P.T.: Durch Smartphones und Tablets wird die persönliche Freizeit gefährdet. Wo und wie können noch persönliche Oasen geschaffen werden?
M. Lause: Das ist eine Frage der Perspektive. Für die Netzgesellschaft baut das eigene Verständnis von Individualität ja gerade auf die Zugehörigkeit zur Gemeinschaft auf: Frei ist derjenige, der ungehindert auf alle verfügbaren Medien und sozialen Netzwerke zugreifen kann. Und diese Begegnung findet im Netz nun in einer hoch konzentrierten, beschleunigten Form statt. Deshalb nimmt die Netzgesellschaft die modernen Kommunikationsmittel eben nicht als Bedrohung für die eigene Freiheit wahr, sondern als wichtiges Werkzeug für die persönliche Selbstentfaltung.
P.T.: Auch Unternehmen müssen aufpassen, nicht den Anschluss zu verlieren. Was empfehlen Sie?
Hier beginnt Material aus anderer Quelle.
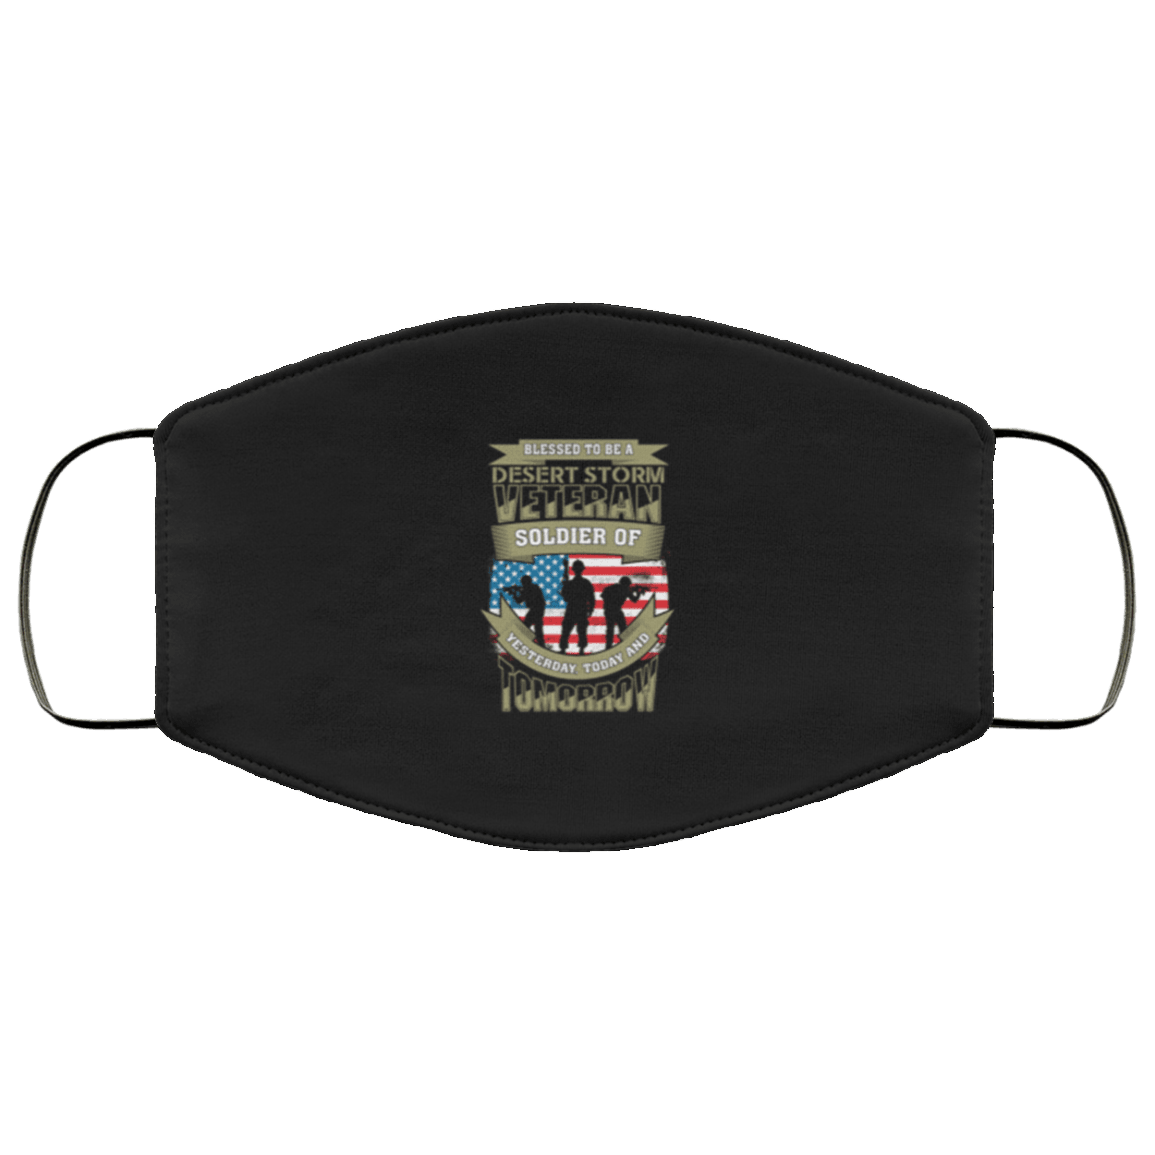 Designs by MyUtopia Shout Out:Blessed to be a Desert Storm Veteran Soldier of Yesterday Today and Tomorrow Adult Fabric Face Mask with Elastic Ear Loops,2 Layers Fabric Face Mask / Black / Adult,Fabric Face Mask

M. Lause: Um diese radikale Wende zu überstehen, müssen sie neue Formen für die Zusammenarbeit mit den Konsumenten, aber auch mit den Lieferanten, Vermarktern und Händlern entwickeln. Dies bedeutet, dass der Innovationsprozess über die Unternehmens- und Branchengrenzen hinweg geschehen muss, um das Wissen und die Erfahrung aller zur Verfügung stehenden Quellen aktiv zu erschließen.
P.T.: Der einzelne Kunde ist plötzlich im Mittelpunkt des Interesses, Massenprodukte funktionieren nicht mehr.
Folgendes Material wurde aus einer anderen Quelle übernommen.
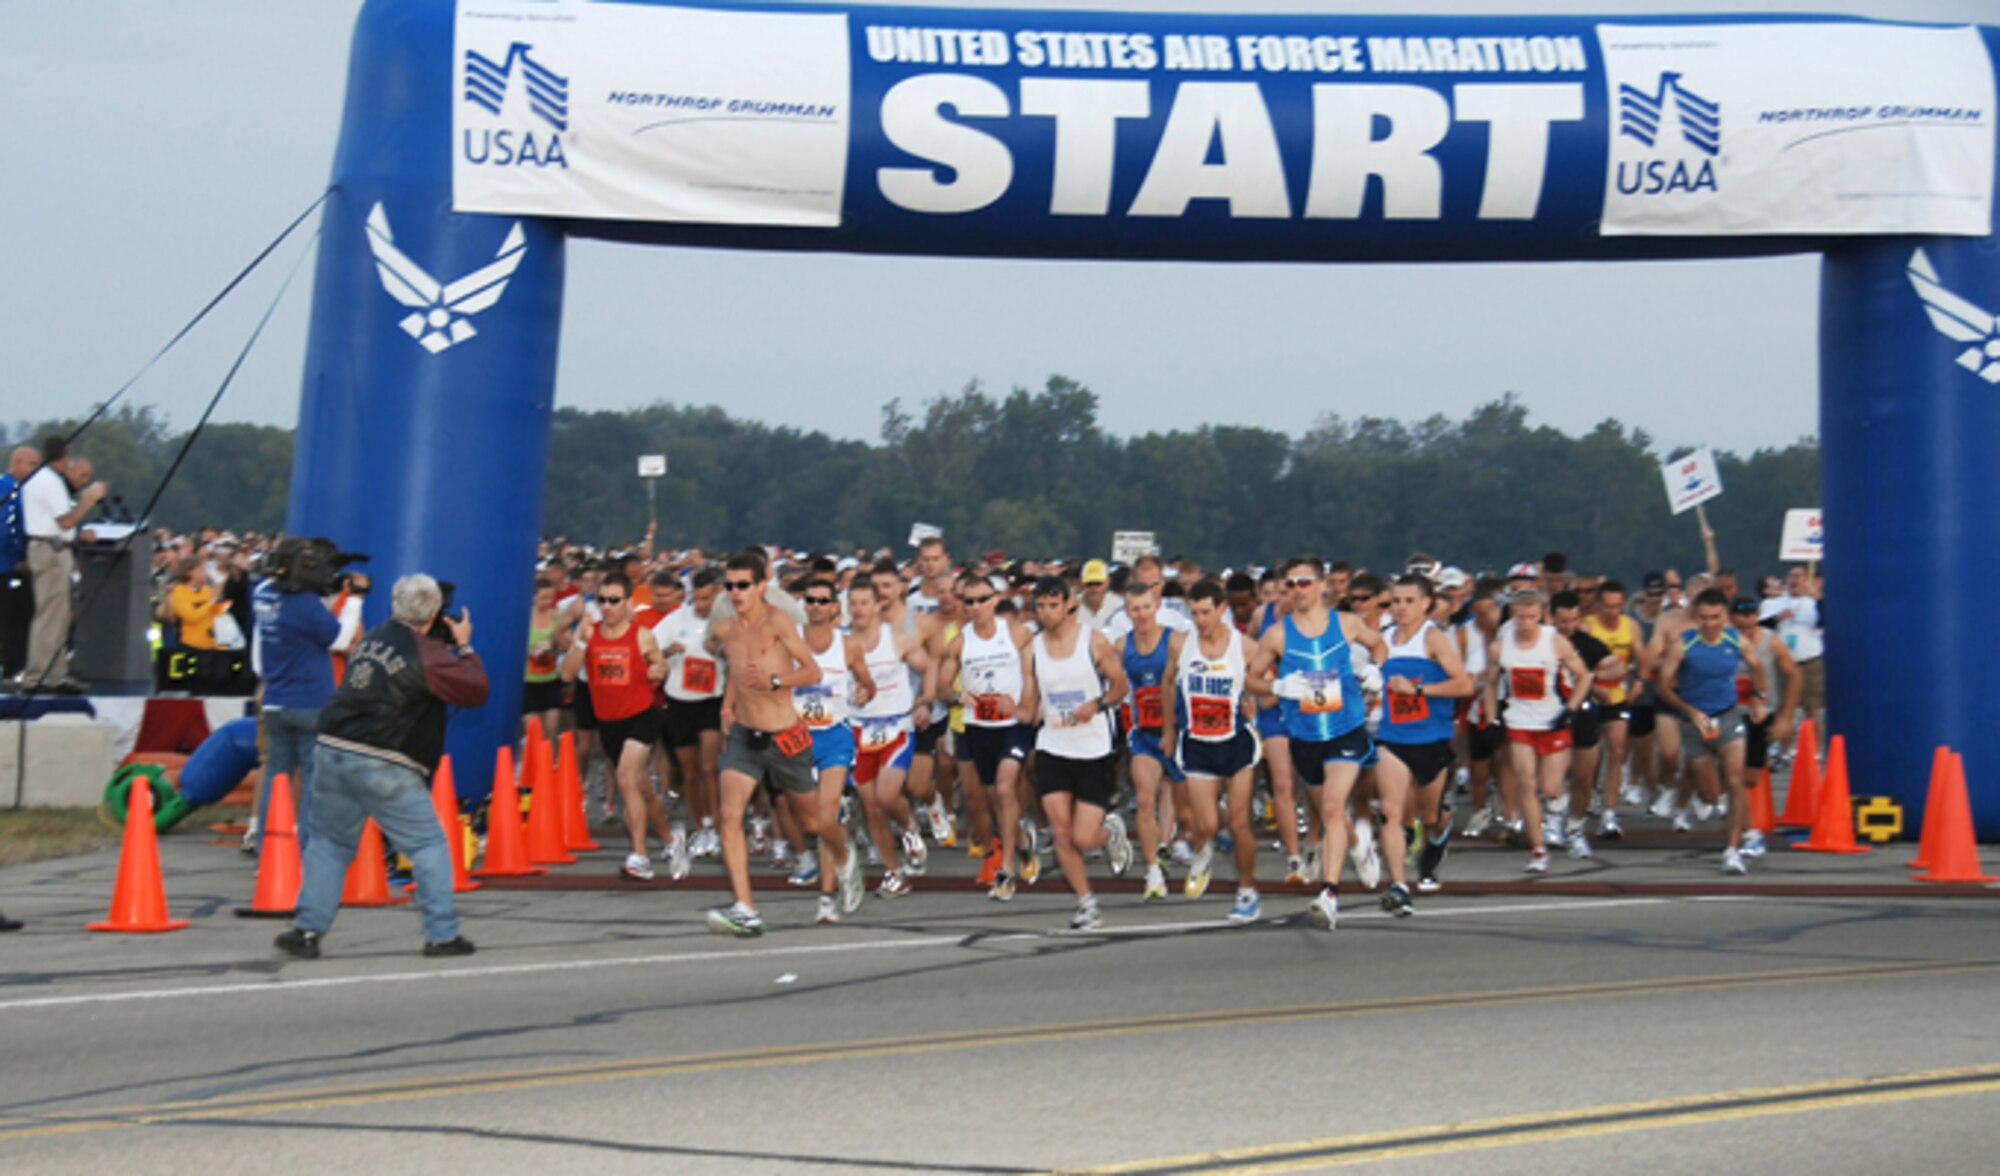 The Air Force Marathon is still in need of volunteers to assist with the upcoming race, the desired number of volunteers is 2,300. Volunteer registration closes Aug. 31. Volunteers can view a list of open positions and register at www.usafmarathon.com. (U.S. Air Force photo/Ben Strasser)

P. Wippermann: Die Industrialisierung der Produktion ging von der Steigerungslogik aus. Die Massenproduktion war das erklärte Ziel. Jeder sollte das Gleiche bekommen können. Großhandel und Handel sorgten für den Vertrieb.
In der Netzwerkökonomie geht es um Individualität und Zeit. Erst wird das Produkt persönlich konfiguriert, dann bezahlt um schließlich produziert und individuell ausgeliefert zu werden. Die Vorfinanzierung der Produktion und die Verkürzung der Wertschöpfungskette schaffen mehr Effizienz. Es wird nicht auf Verdacht produziert sondern nach Bedarf.
P.T.: Auch in der Wirtschaft hat der Wandel Folgen: Massenprodukte funktionieren nicht mehr, Individualismus bestimmt den Konsum.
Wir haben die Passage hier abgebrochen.